CERN Tape Archive (Steven Murray)

Slides: https://indico.cern.ch/event/578983/contributions/2463111/attachments/1409449/2155155/GDB_meeting_08_Feb_2017.pdf

This is a new tape backend project at CERN, attached to EOS, and supposed to replace CASTOR. CTA (CERN Tape Archive) is a natural evolution of CASTOR: tape backend for EOS / tape drive scheduler / clean separation between disk and tape. One single CTA instance for all of the VOs. When? End of 2018 ready for the LHC experiments. CTA will be flexible, and it could be used anywhere EOS is used. ORACLE DB will be used, but it could be modified to run over other DBs.


(Q) Pepe F.: Why not to use or join other initiatives in our community, such as Enstore, and adapting it to EOS? (A) German C. / S. Murray: CASTOR built-in info will be re-used. The tape backend is not going to be rewritten from scratch.

(Q) Pepe F. Which support will be provided to the Tier1s that would adopt CTA? (A) S. Murray: not in the plan, but the project can be collaborative if other sites are interested in using this.

(Q) Peter G.: Will CASTOR be totally discontinued? Since other sites are using it, in particular at the UK Tier-1? (A) S. Murray: support will be available for the moment, but there will be some flexibility supporting it for the near future.

(comment #1) Ian C.: if CTA offers possibilities to other communities, or offer sustainable product, or missing features, would be really interesting.

(comment #2) S. Murray: CASTOR metadata/namespace operations is slow, not as EOS

Baseline for WLCG Stratum 1 Operations (Jakob Blomer)

CERNVM-FS has extended, including other communities that have adopted it (OSG, EGI). This talk should be used to discuss baseline/guidelines wrt. WLCG. The presentation gives detailed information how the infrastructure is setup for WLCG, which are the most typical VO requirements, handling operational troubles, as well as proposing a baseline/guideline for WLCG Stratum 1 deployment.

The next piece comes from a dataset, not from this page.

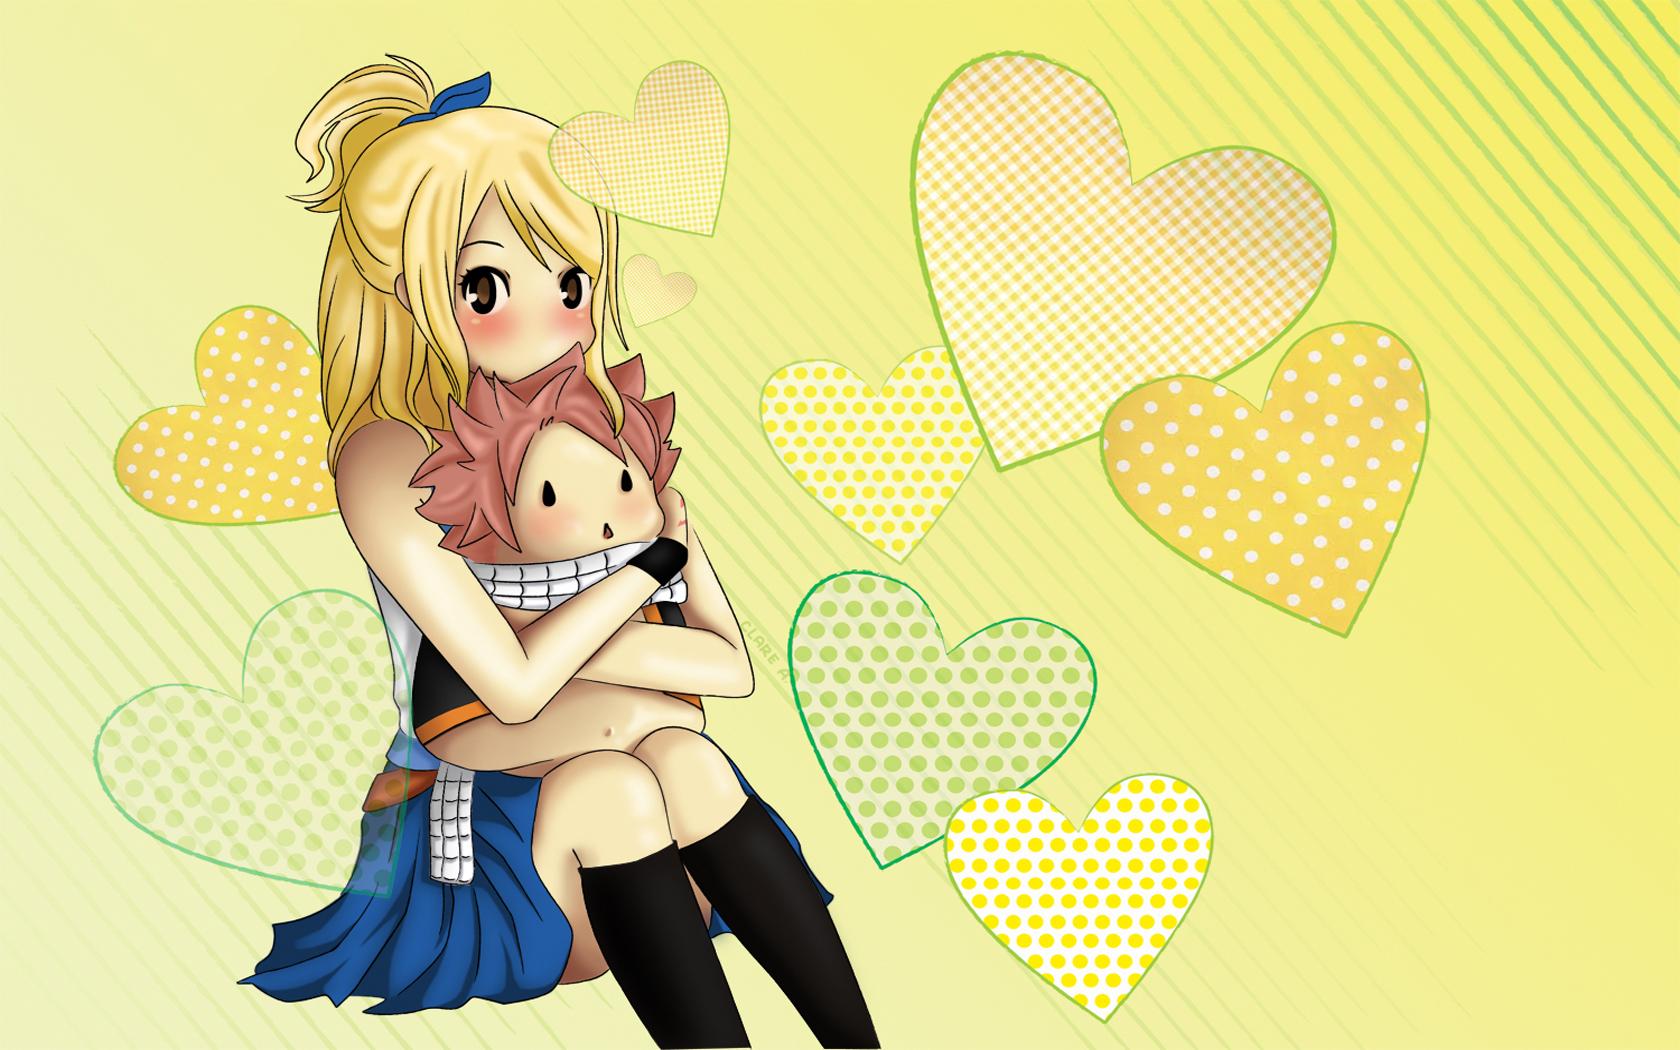 Lucy and Natsu 3m Wallpaper HD 1680x1050

(Request) Possibility to keep a table list of Stratum 1 URLs in WLCG? Maarten L: this will be sorted out.

(comment #1)) Maarten L: We might need more documentation - in the CVMFS area and then in WLCG area - about configs, etc...

(comment #2) It is expected that default configs will be disabled

(comment #3) CVMFS sometimes if serves corrupted data or slow - this hurts -> For example, the DOS on ASGC Stratum 1, then port 80 was closed. Service degraded.

(comment #4) Mattias W.: We could have a RPM for deployment, but then the actual config. could come from the site. We hit performance thresholds for not using >1 source of data. It's the client who contact. Client goes to S1 from a squid. Multiple routes, like in the CDNs, could be useful. J. Blumer: the commercial CDNs are much more flexible, agreed.

(comment #5) There is an area for further development work, so select the S1s from the clients. Maybe not through squids? or an http-proxy? If ASGC is slow, then you can switch and query other S1. This could solve this problem.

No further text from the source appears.